You have an animation to accompany ‘Berlin’ can you tell us a little bit about the inspiration behind that?
I wanted to capture my time in Berlin, and that just wasn’t possible with a regular music video without actually going back there. So I came up with the idea of making it animated, because I wanted to really capture the essence of the place, the vibes, and the kinds of people I was meeting. I also wanted it to be joyful, playful, and cute, since Berlin is this upbeat folk-pop song.
It was important to me to feature some of the amazing queer people I met while I was out partying, because they helped me find lost pieces of myself. The video pays homage to them, and to the city that helped me start rediscovering who I was. At the time I hadn’t had top surgery yet, so I was excited to animate a version of myself that reflected the body I have now, placing the self I’ve grown into in the city where I felt that transformation begin.
The animator, Tenthdan, was incredible to work with and really brought it all to life. We included so much of what I was doing there, going to the Queer Museum, partying at Kit Kat, riding scooters everywhere with my sister. That detail was especially meaningful because I use an electric scooter as my mobility aid back home, but they’re illegal in Sydney. In Berlin, the accessibility felt amazing. So a lot of the video is just me zooming around on a scooter past all these places, which is very true to how I experienced the city.
My favourite part is the ending. When I was stuck in Berlin with COVID, I was really sick and isolated, but I happened to be staying near an outdoor concert venue where Vance Joy was performing. I could hear one of my favourite songs while I was writing Berlin. It felt like this surreal free concert, even though I was sick as a dog. In the animation, we recreate that, panning from me alone and unwell, to me playing Berlin on a huge stage. It’s both a memory and a manifestation of the bigger stages I dream of.

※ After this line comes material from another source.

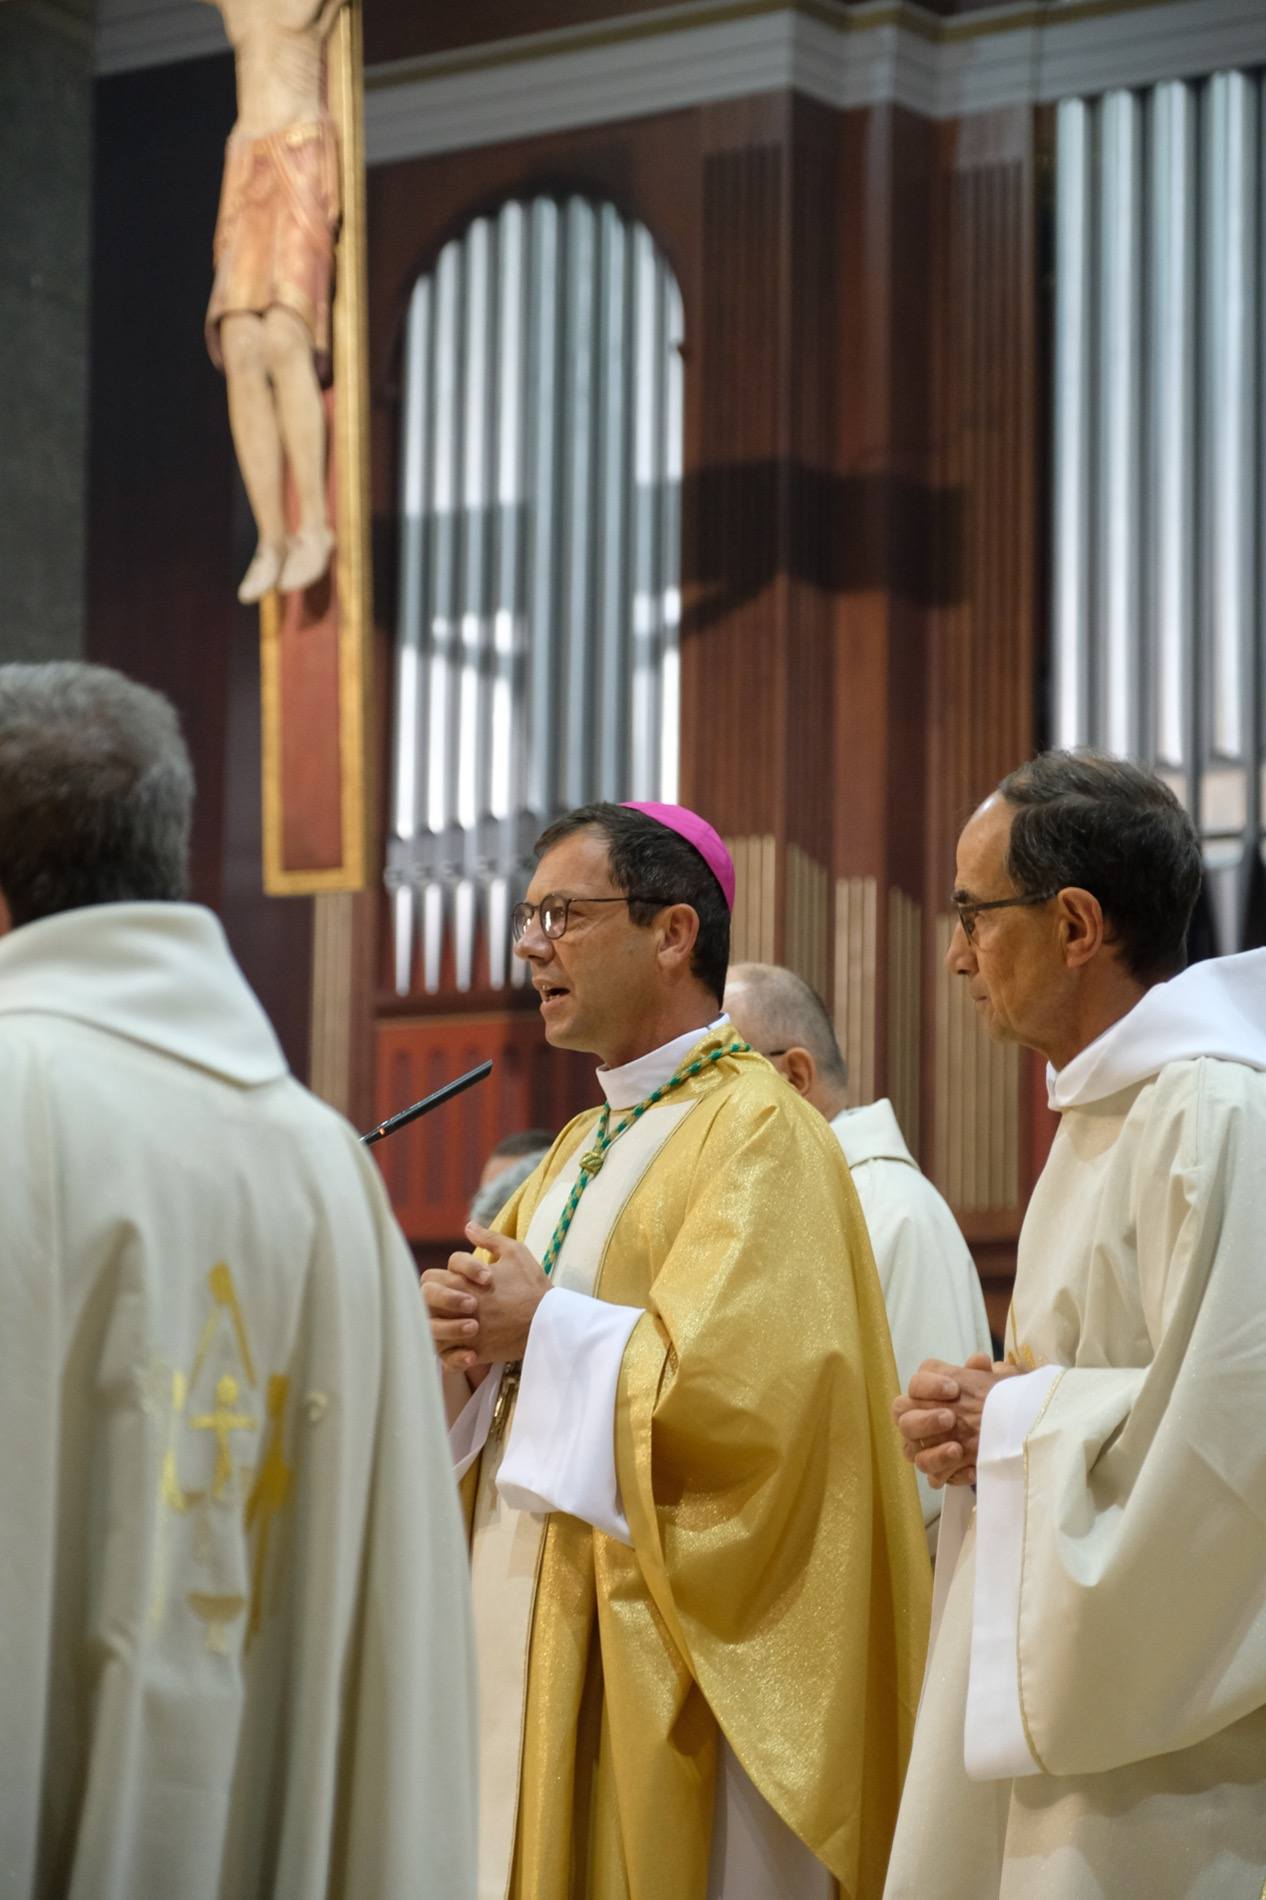 Ordinations diaconales de Charles-Alban Guez et Pierre-François Émourgeon

It was also really important for me to include my band. Lunar Martins, who produced the track and used to play bass with me, had to retire from music last year due to illness. So in the animation, she’s forever on stage with me, playing alongside my drummer Billy Hunni and my dear friend Scout on keys. Even though Lunar won’t be able to play with us in the future, this video means she’ll always be with us on stage.

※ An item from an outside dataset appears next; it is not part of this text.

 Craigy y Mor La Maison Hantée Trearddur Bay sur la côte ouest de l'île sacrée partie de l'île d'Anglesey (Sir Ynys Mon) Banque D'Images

So the animation is a snapshot of that time, a love letter to Berlin, and also a way of solidifying the people, places, and dreams that shaped the song.
What do you hope people get out of from listening to your music?
I hope people feel heard and connected. There’s something incredible that happens when we travel, we become unburdened by the selves we are in the cities we live in, and we’re able to access new and exciting parts of ourselves, or even old parts that resurface. That’s what Berlin gave me, and I love that the song can offer that same kind of healing and self-discovery.
I hope people continue to find healing through my music, but also joy. Berlin in particular is fun and joyful sonically, even if the lyrics are a little sad (just don’t listen too hard!). More than anything, I want my music to create a sense of light and community, a space where people feel seen and held.